Ik zit op mijn praatstoel. Als Michael terug is, dender ik voort. 

‘Bij je geboorte moest je al pathetisch gezegd het paradijs van de veilige baarmoeder verlaten. En dan word je een tijdje later met het kunnen benoemen van de ander ook nog eens verjaagd uit het Hof van Eden, uit de omgeving waarmee je een twee-eenheid vormde. Omdat je taal gebruikt, omdat je leert mensen en dingen een naam te geven. Ze krijgen betekenis en daarmee gaan ze voor jou bestaan.’ 

Ik laat een stilte vallen. 

‘En… daarvoor moet je nog een prijs betalen ook. De paradijselijke twee-eenheid die er was in jouw niet-talige bestaan, is nu definitief verbroken.’ 

‘Het lijkt wel het bijbelverhaal van Adam en Eva,’ mompelt Michael. ‘Door die appel te eten wordt Eva zich bewust van Adam en van de wereld om haar heen. En prompt worden ze uit het paradijs gegooid. Weet je, Hans, je hebt mijn ogen geopend.’ 

We worden duidelijk ietwat dronken. 

‘Kun je nog een vrolijke draai aan deze avond geven, zodat we verheugd dit etablissement verlaten?’ vervolgt Michael. ‘Zullen we het over Cecile hebben? Die gaat volgende week trouwen.’ 

‘Nee, laat Cecile nu even zitten.’ 

Ik wil ook mijn laatste punt maken. 

‘Iedereen heeft in het prille begin van zijn leven tweemaal het ultieme geluk meegemaakt de twee-eenheid binnen de baarmoeder en de twee-eenheid in een korte periode na je geboorte. Allebei worden ze verbroken. Maar… let wel, omdat je iets kwijt bent, is er nu ook iets kostbaars ontstaan om vurig naar terug te verlangen: het opnieuw ervaren van de oorspronkelijke twee-eenheid. Een heftig verlangen naar dat object dat verloren is gegaan. Vanwege taal ontstaat ook verlangen.’ 

Trots kijk ik Michael aan, alsof ik dit zelf heb verzonnen. Die staart redelijk murw geslagen naar zijn Duvel. 

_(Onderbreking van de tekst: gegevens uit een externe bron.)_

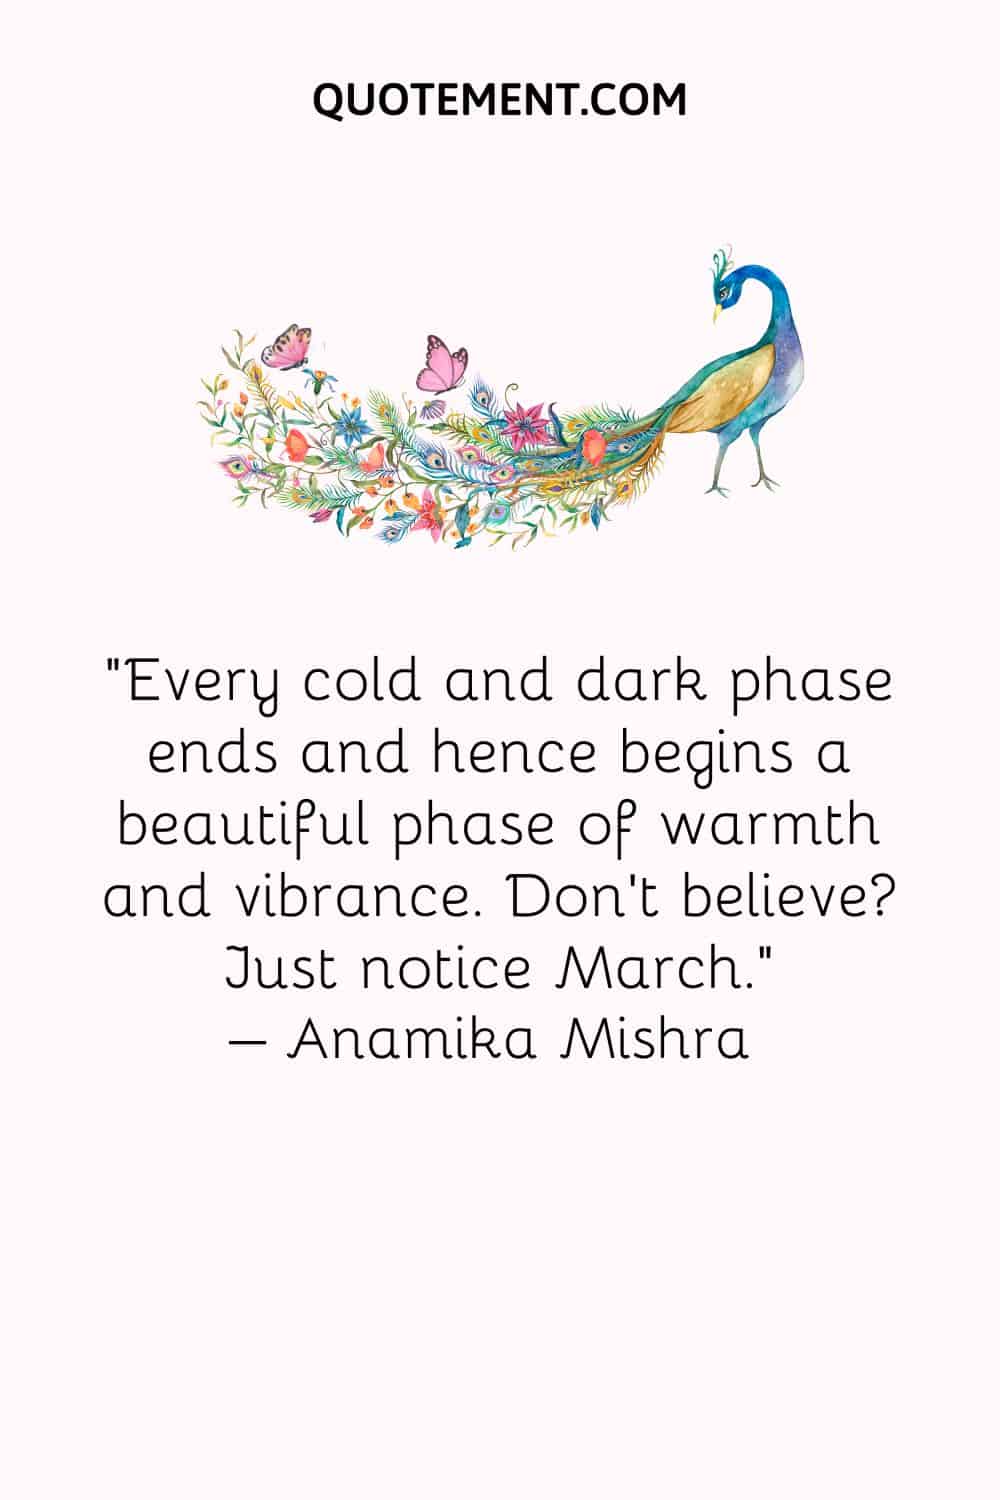 Every cold and dark phase ends and hence begins a beautiful phase of warmth and vibrance. Don’t believe Just notice March. – Anamika Mishra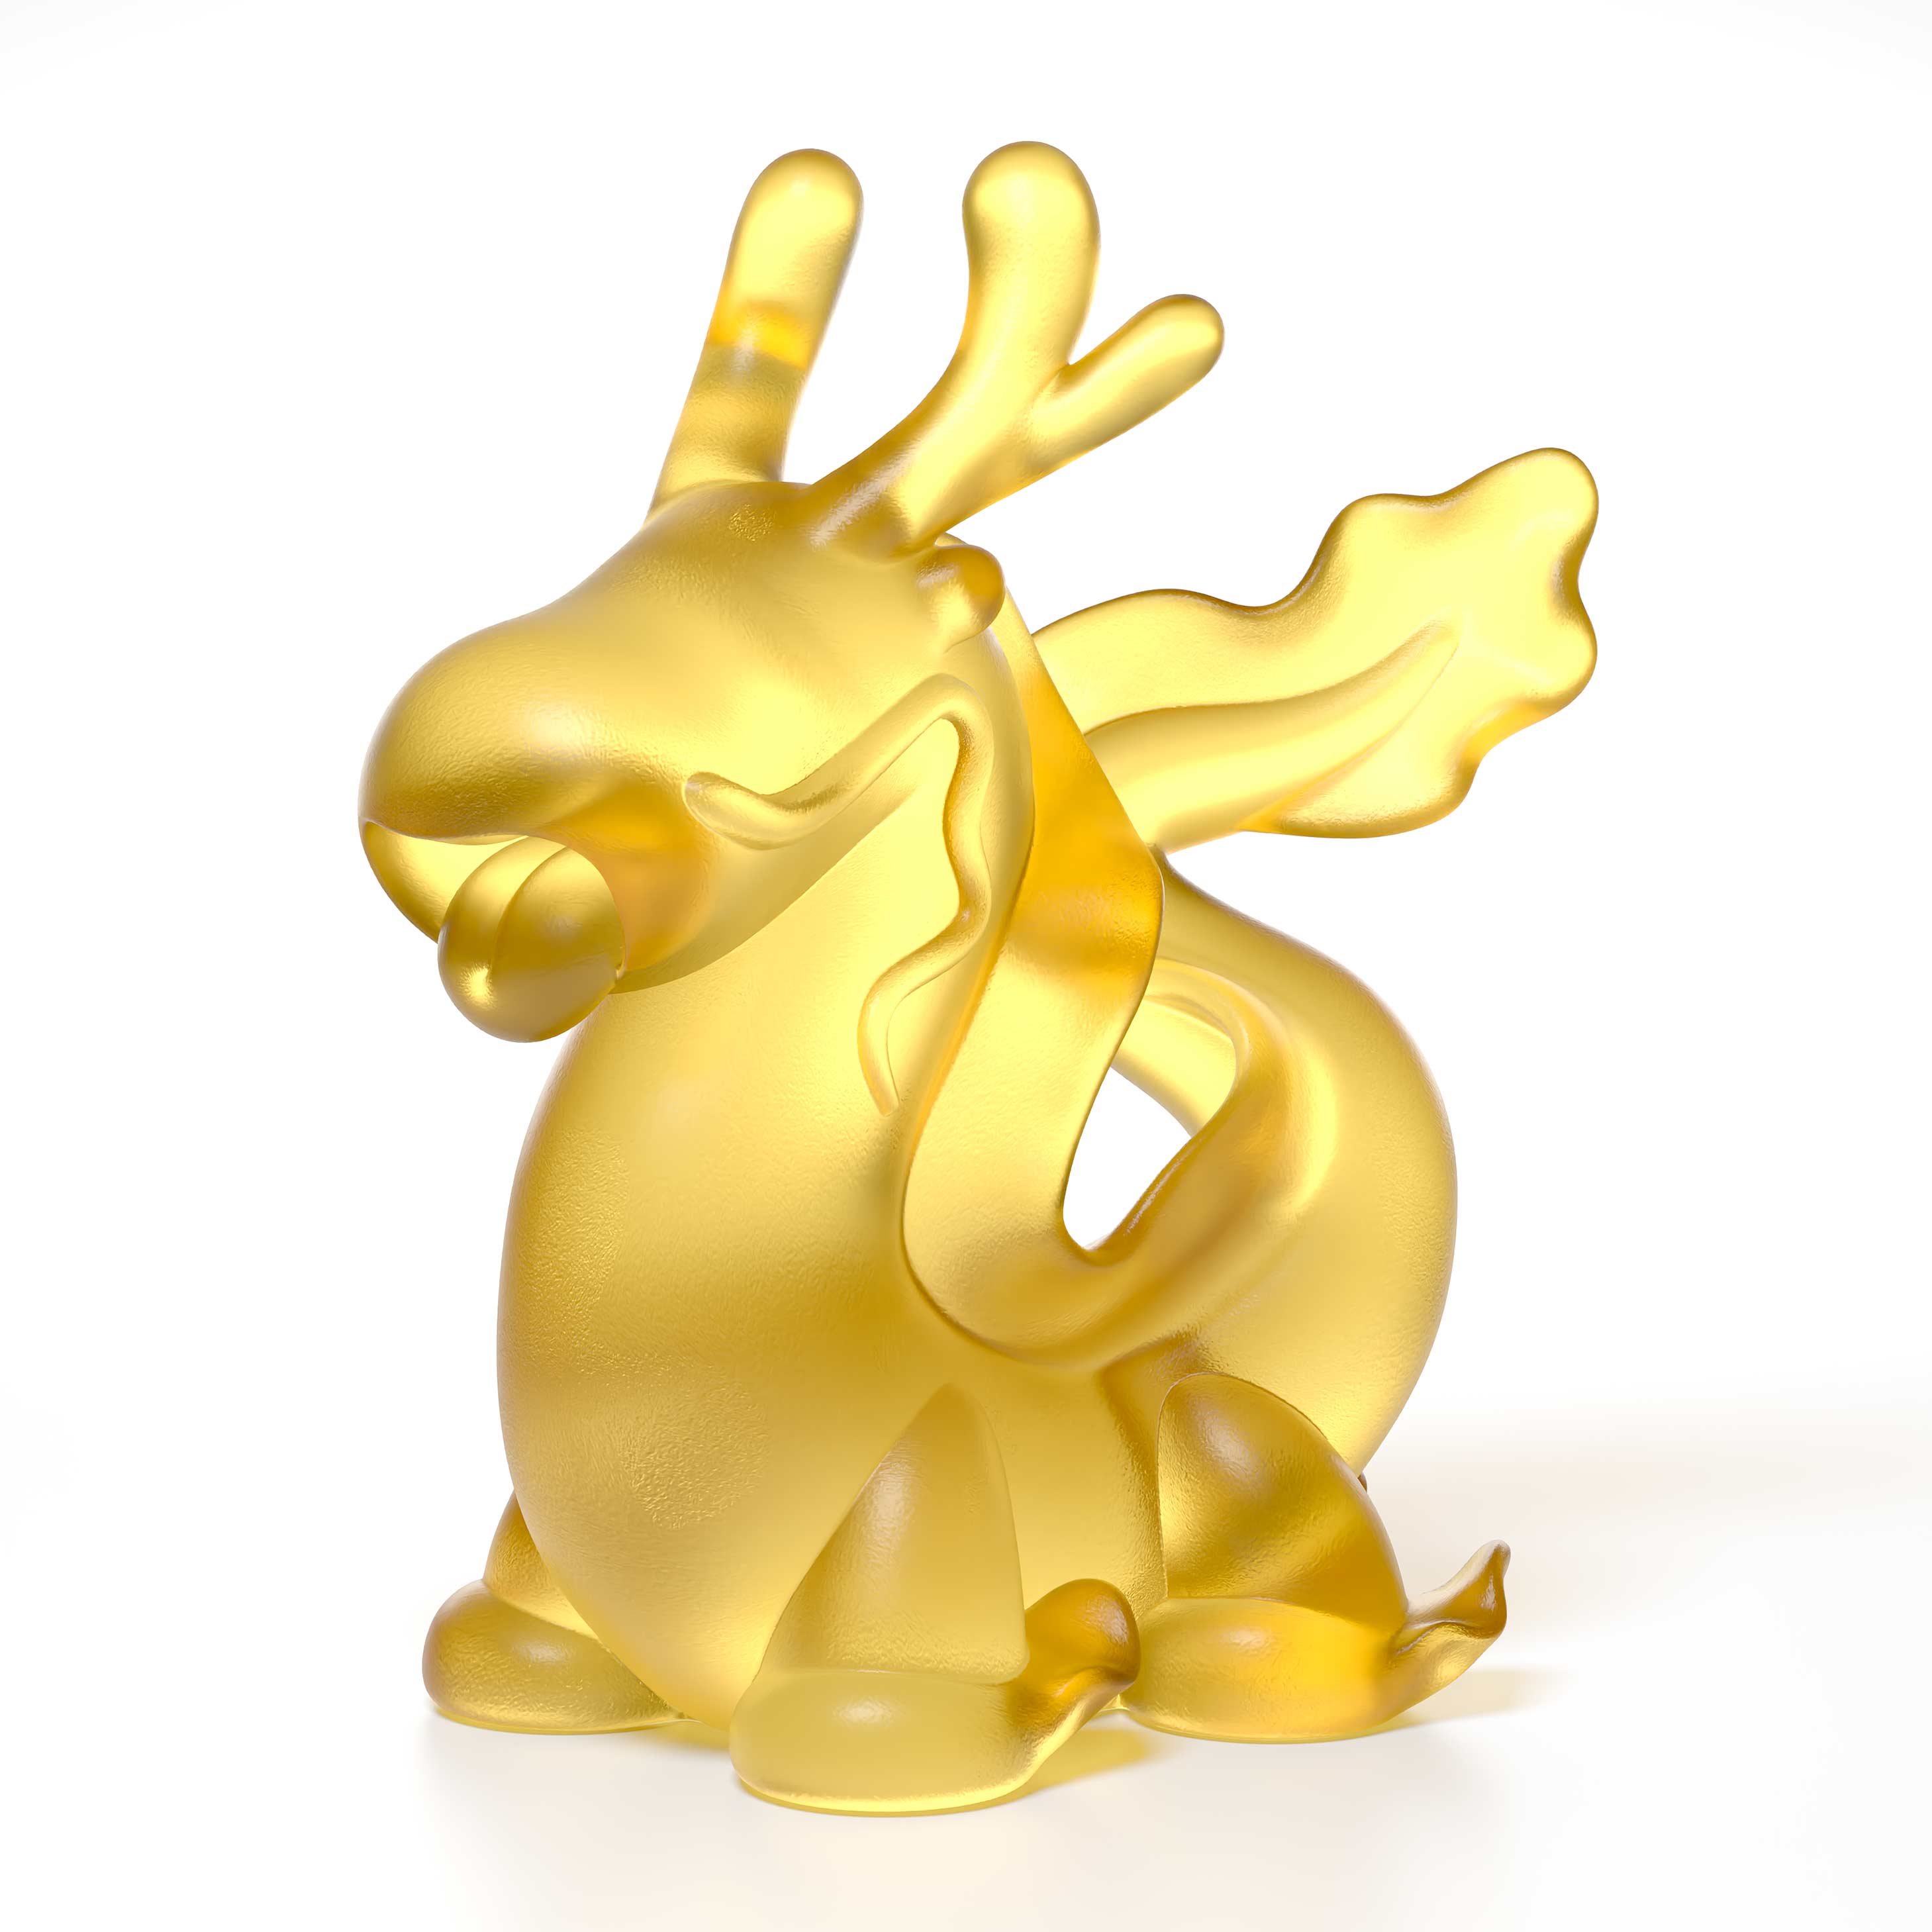 Dragon's Breath yellow crystal sculpture the size is  16 cm height,  by Ferdi B Dick, Limited edition of 50 hero view

Ik vertel er niet bij dat het verlangen naar het verloren object altijd onvervuld zal blijven. Elke ogenschijnlijke twee-eenheid opgaan in je werk, samensmelten met je geliefde is een kortstondig surrogaat van de oorspronkelijke twee-eenheid. Die blijft voorgoed verloren. 

We proosten nog maar eens, nu op taal en verlangen. 

Deze tekst maakt in gewijzigde vorm deel uit van het korte verhaal Taal en verlangen, dat ik heb opgenomen in mijn verhalenbundel Trage man (2020).